CORNWALL FOR EVER!

Page 162

Industry

Relatives of miners at Levant Mine wait anxiously for news of their loved ones at the time of the disaster on the 20th October 1919.

In 1919 there was a terrible accident at the Levant mine, near St Just-in-Penwith, when the man-engine rod broke, killing some 31 miners. Another disaster was the flooding of East Wheal Rose mine, at Newlyn East, after a freak rain storm on 5 July 1846, when thirty-nine miners lost their lives. There are numerous other stories of accidents in Cornish mines.

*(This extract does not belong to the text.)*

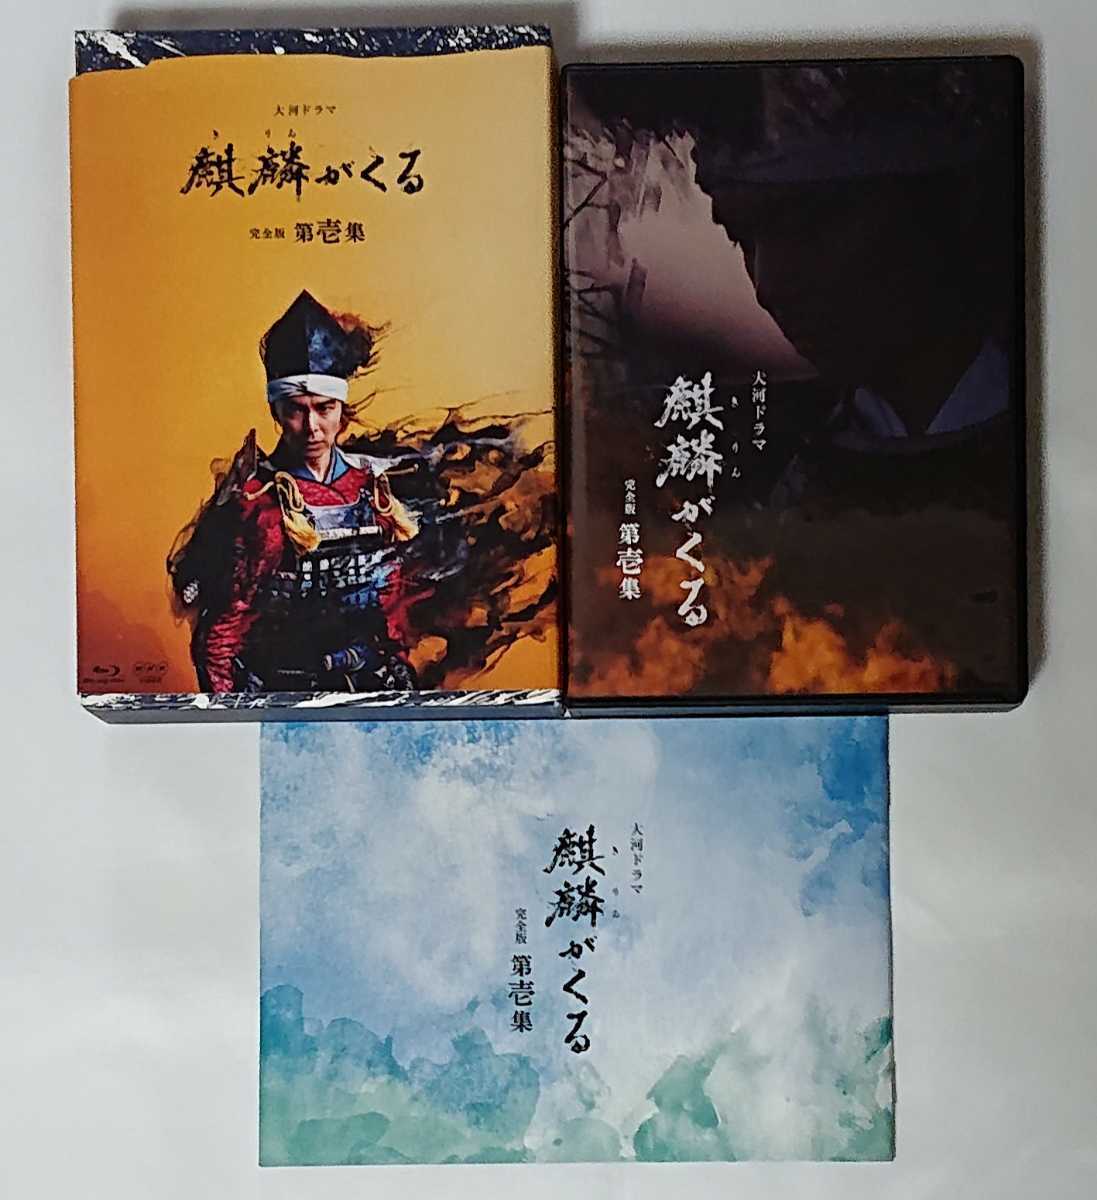 NHK 大河ドラマ 麒麟がくる 完全版 第壱集 ブルーレイBOX〈5枚組〉Blu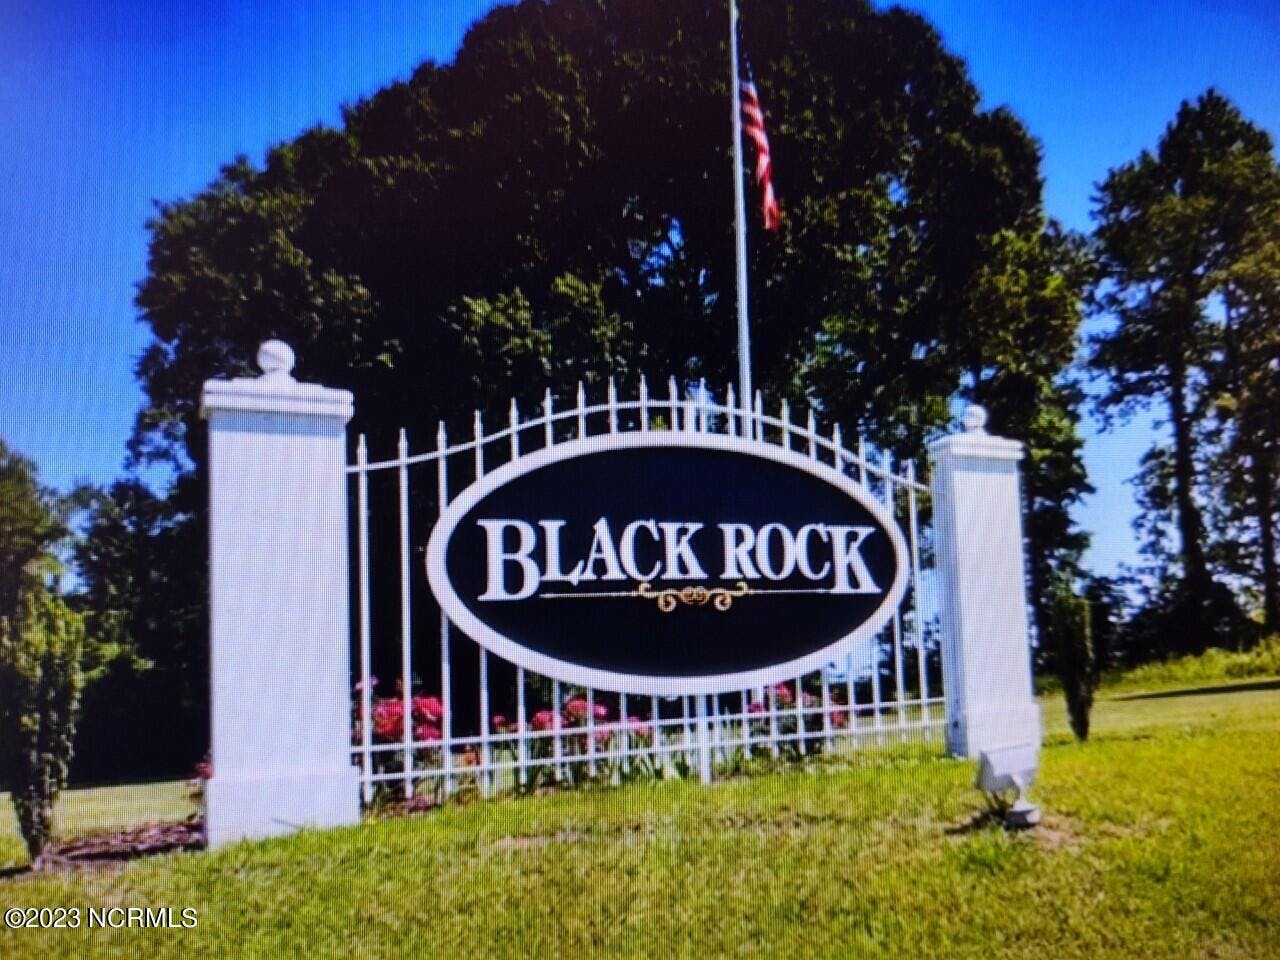 Black Rock entry sign

Rock falls underground were a common cause of injury and death, and so too were premature explosions (when miners were blasting the rock) and the many cases of exhausted miners ‘falling away’ from ladders.There were also boiler explosions, and sometimes mineworkers were horribly maimed when accidentally caught up in moving machinery. The men and boys working underground were those most likely to be hurt in mining accidents but sometimes the women and girls employed at surface to sort and grade the ore were also injured or killed: perhaps by becoming entangled in machinery, or falling down an unguarded shaft. These women and girls, or ‘bal-maidens’ as they were known (after the Cornish language word ‘bal’, a mine), were a familiar part of the Cornish mining scene until machinery took over their role in the latter part of the nineteenth century.